I stepped out into the night.
It was turning icy cold. I ran across the road, taking care to keep my face covered against the CCTV cameras at the gas station. I climbed in the SUV, drove back to the motel and parked beside the Focus, outside the room. Then I went and tapped on the bathroom door. “Cyndi, it’s me, Lacklan. We have to go.”
There was absolute silence for a moment, then the door opened a crack and she peered out. She was drawn and terrified. I shook my head. “We haven’t got time for this, Cyndi. I need you to get a grip and react. We have to go. Open the door.”
She opened the door. She was trembling badly. I pushed in past her, grabbed her case and thrust it into her hands. “Go outside and get into the black SUV. Not the Focus, the SUV. You understand?”
She stared up into my face and nodded.
“Do it. Now.”
She moved toward the open door. I grabbed the bedding from the bath and threw it all over the bed. Then I grabbed the whiskey, my cigarettes and the Zippo, slung my bag over my shoulder and followed her out, leaving the lights off and the door closed. There were none of my prints and none of Cyndi’s prints, none of my slugs and none of my casings. If they traced the Ford, it would lead them to Joseph O’Brien, who would soon vanish into thin air.
The sky was black overhead. The light from the streetlamps was a dead kind of yellow, and I could see clouds of condensation billowing from Cyndi’s mouth as she stood staring into the SUV. I opened the back, threw in her case and my bag, slammed it shut and physically lifted her into the passenger seat up front. I put the whiskey on her lap, closed the door and went around to the driver’s side. Then we were pulling out of the parking lot and accelerating through the night toward Lexington. I glanced at my watch. It was four AM.

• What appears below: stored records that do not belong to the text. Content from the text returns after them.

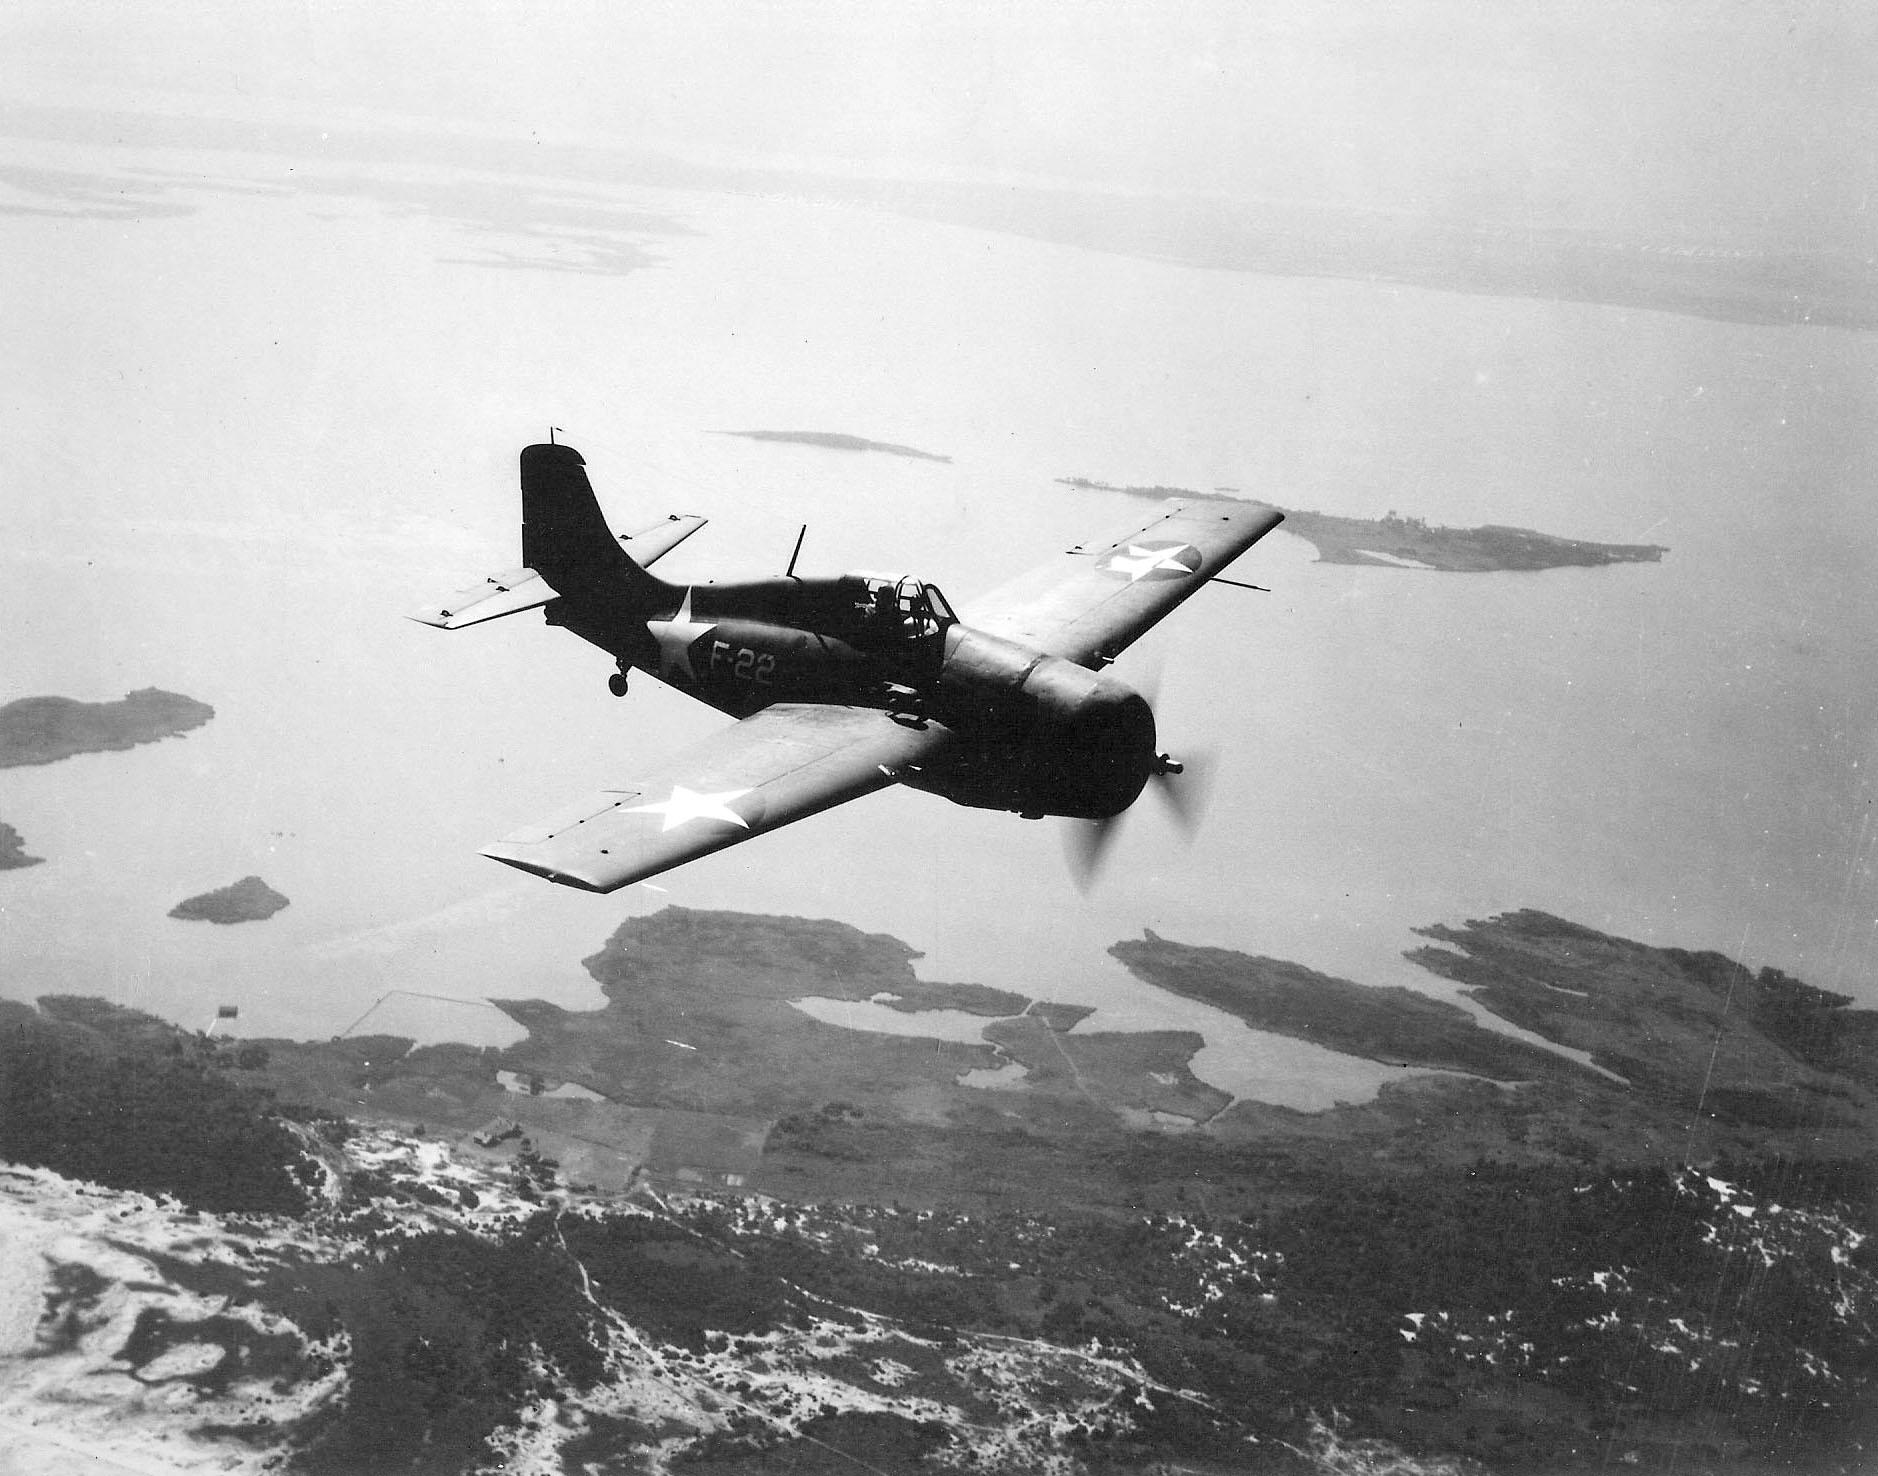 Grumman F4F 3 Wildcat White F22 in flight 01
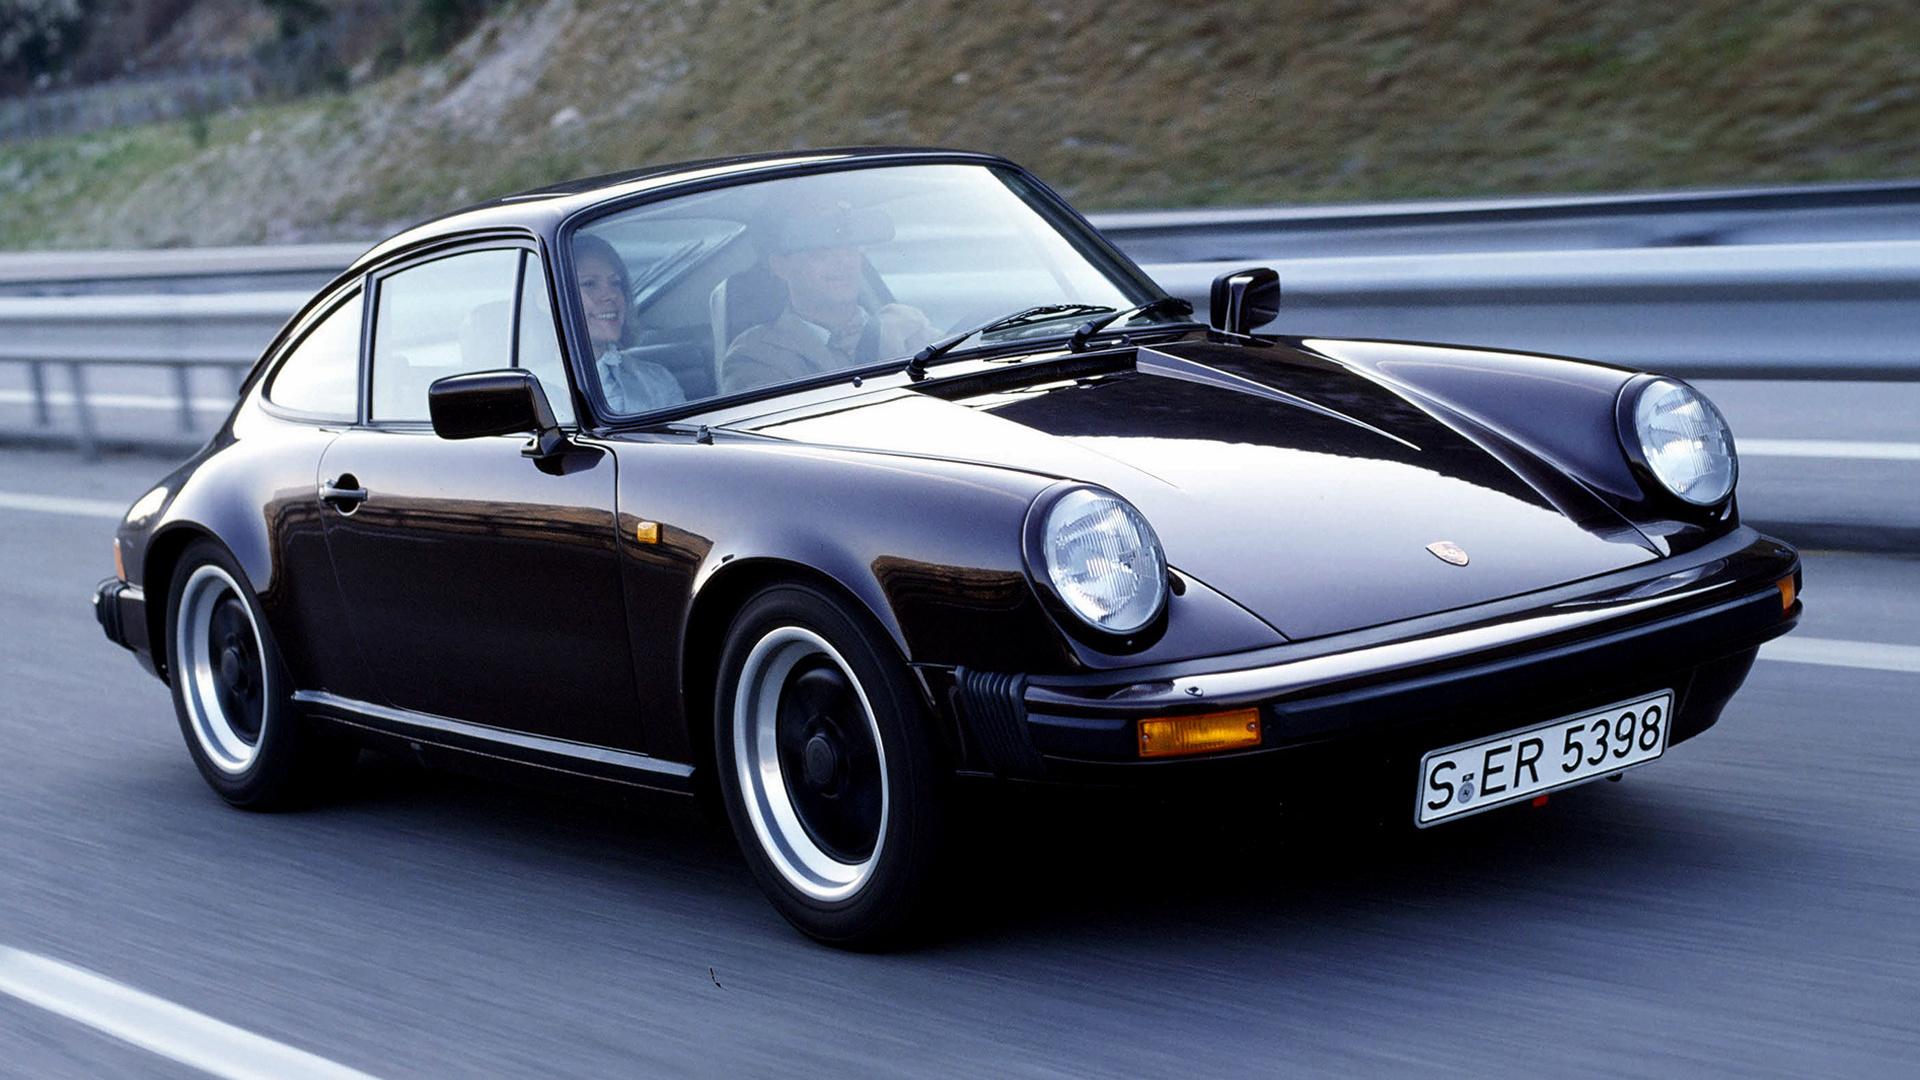 Porsche 911 Sc 1977 Wallpapers And Hd Images Car Pixel
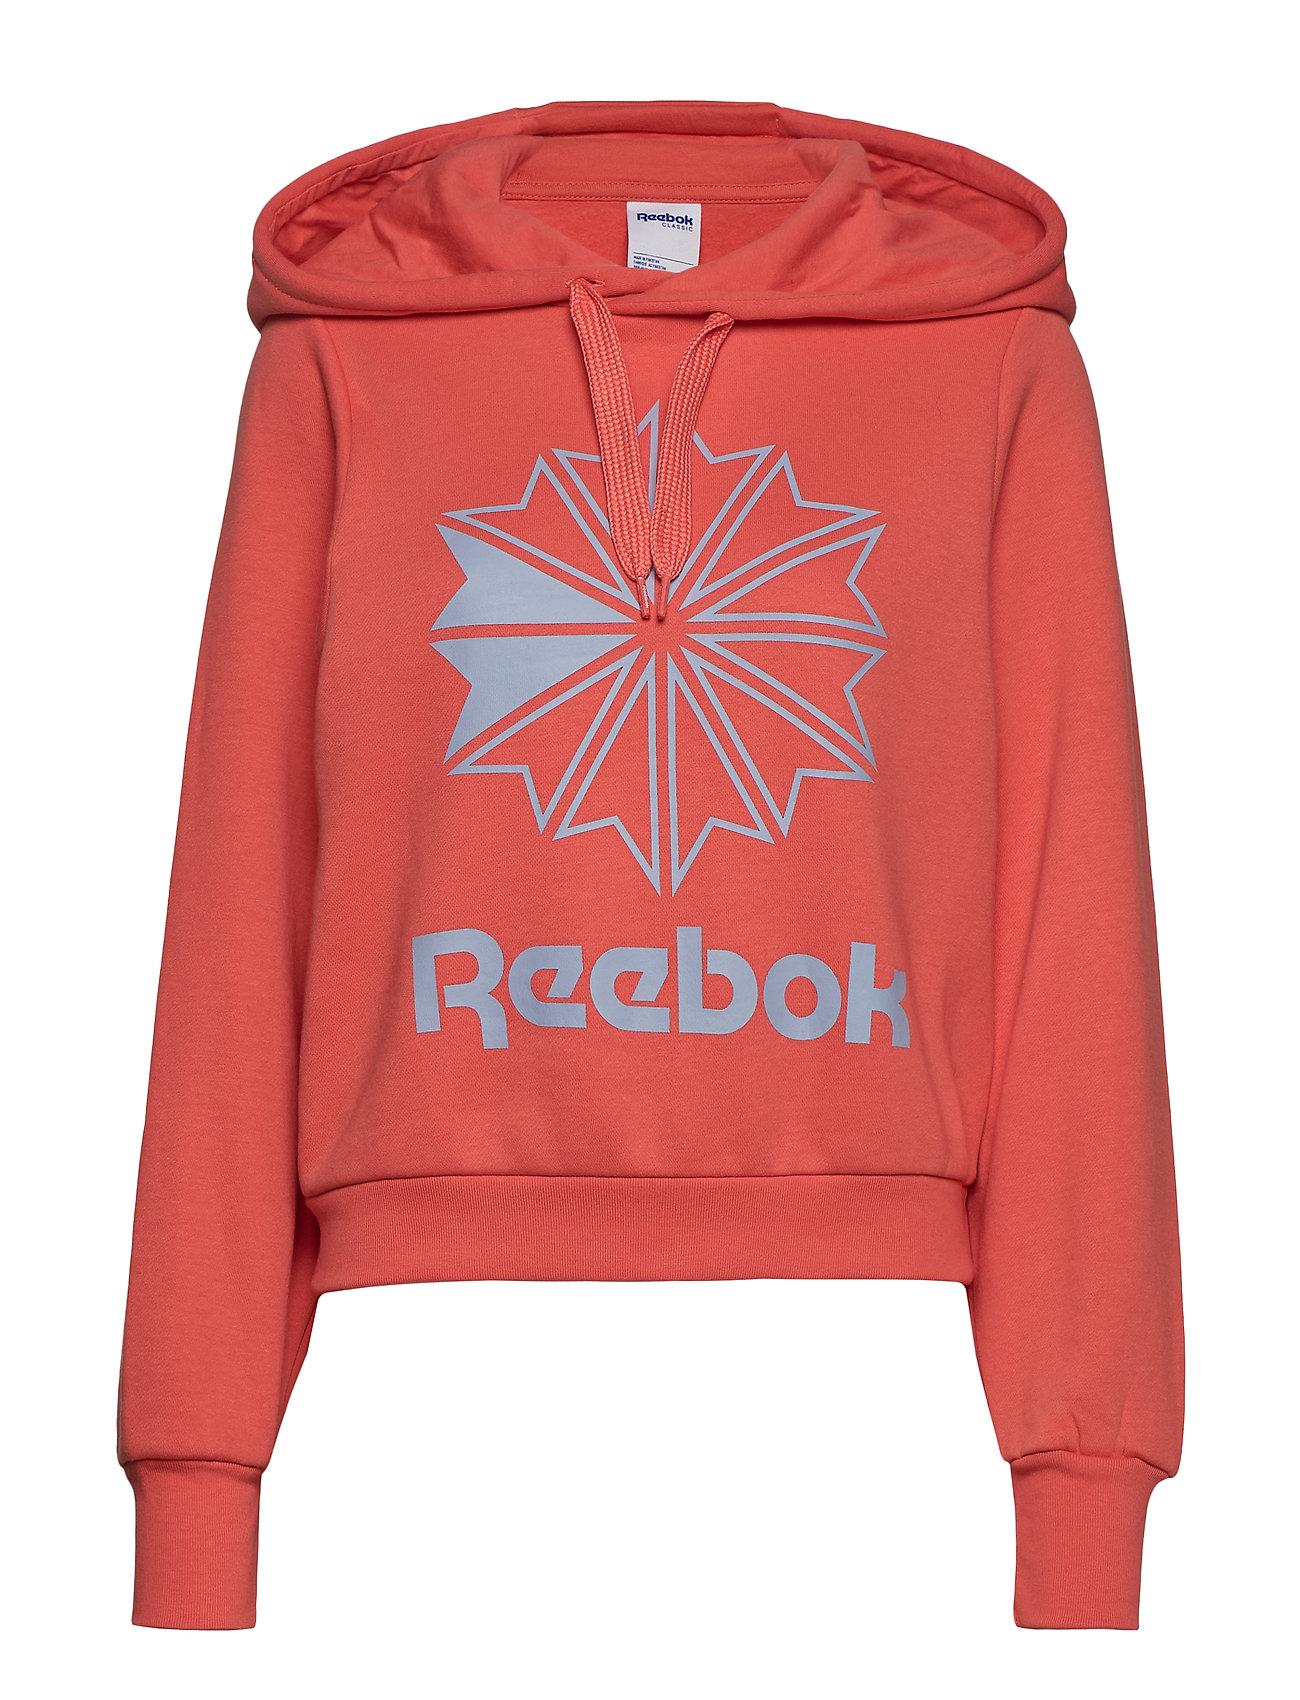 Reebok Classics CL FL BIG LOGO HOODIE - ROSETT
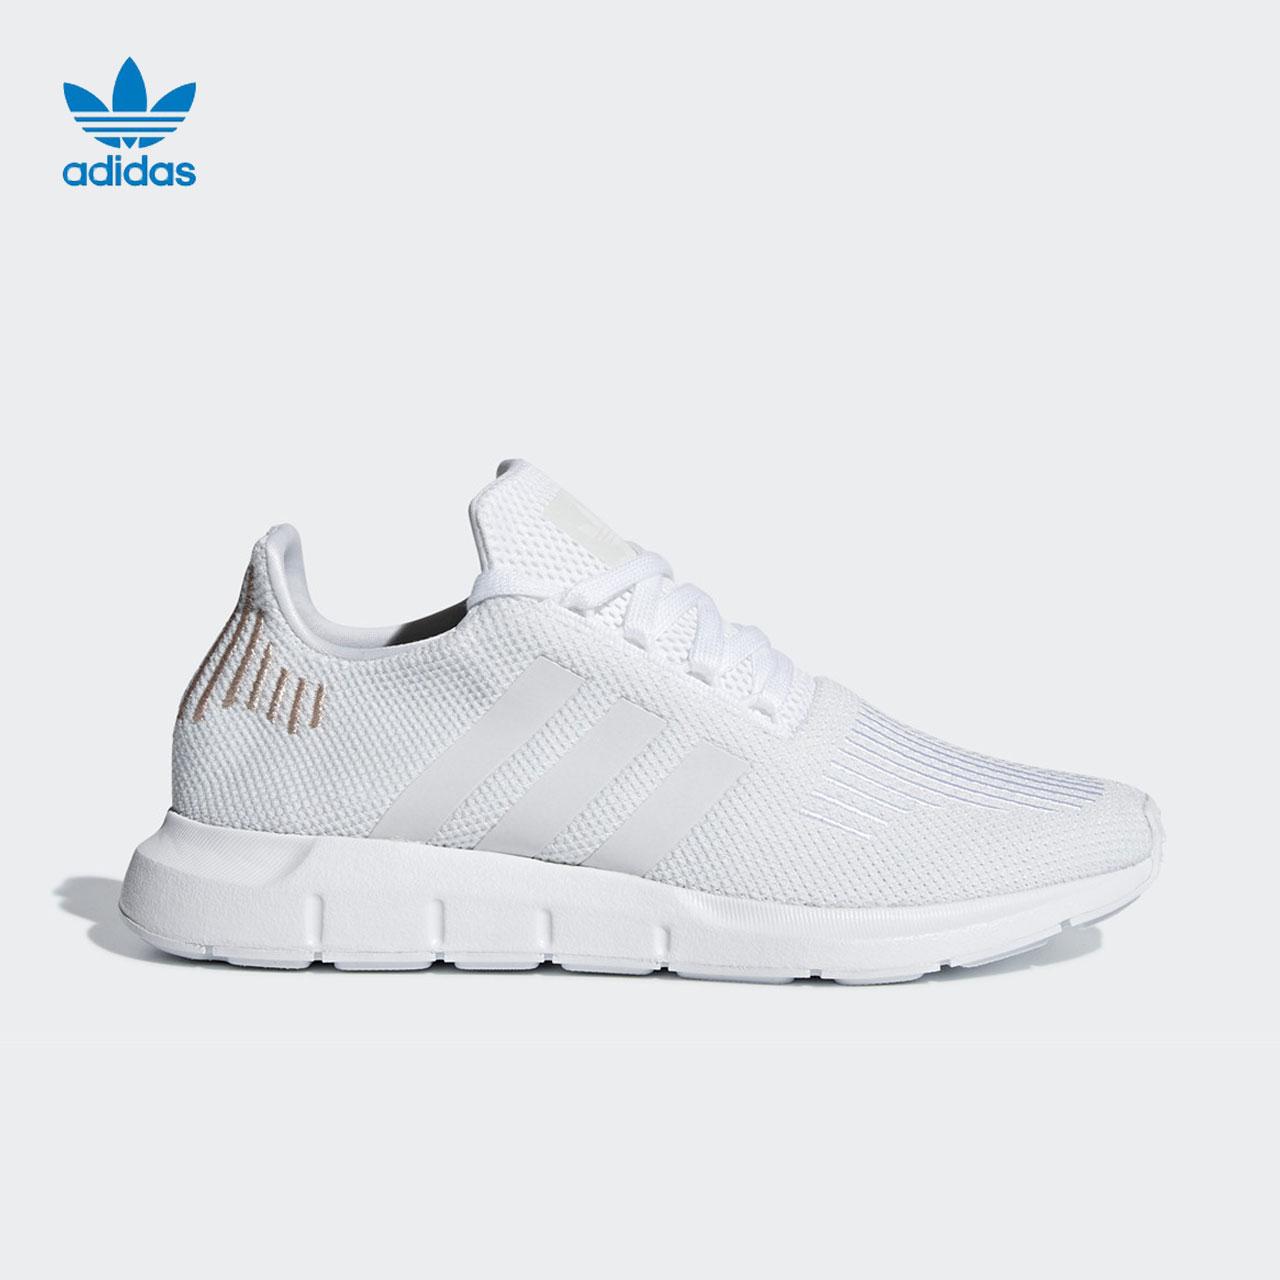 adidas Originals阿迪三叶草2018女子Swift Run W休闲鞋B37719

I settled at a steady seventy, pulled my cigarettes from my pocket, shook one loose and fed it into my mouth from the pack. “Drink.” I glanced at her. She was staring at the bottle in her lap. I flipped my Zippo, leaned the cigarette into the flame and took a deep drag. As I blew out I said, “It’s not what your doctor would tell you to do for shock, but I never yet met a doctor who witnessed four men get killed. For me, whiskey does it every time. Take a shot, a big one. It’ll help, believe me.”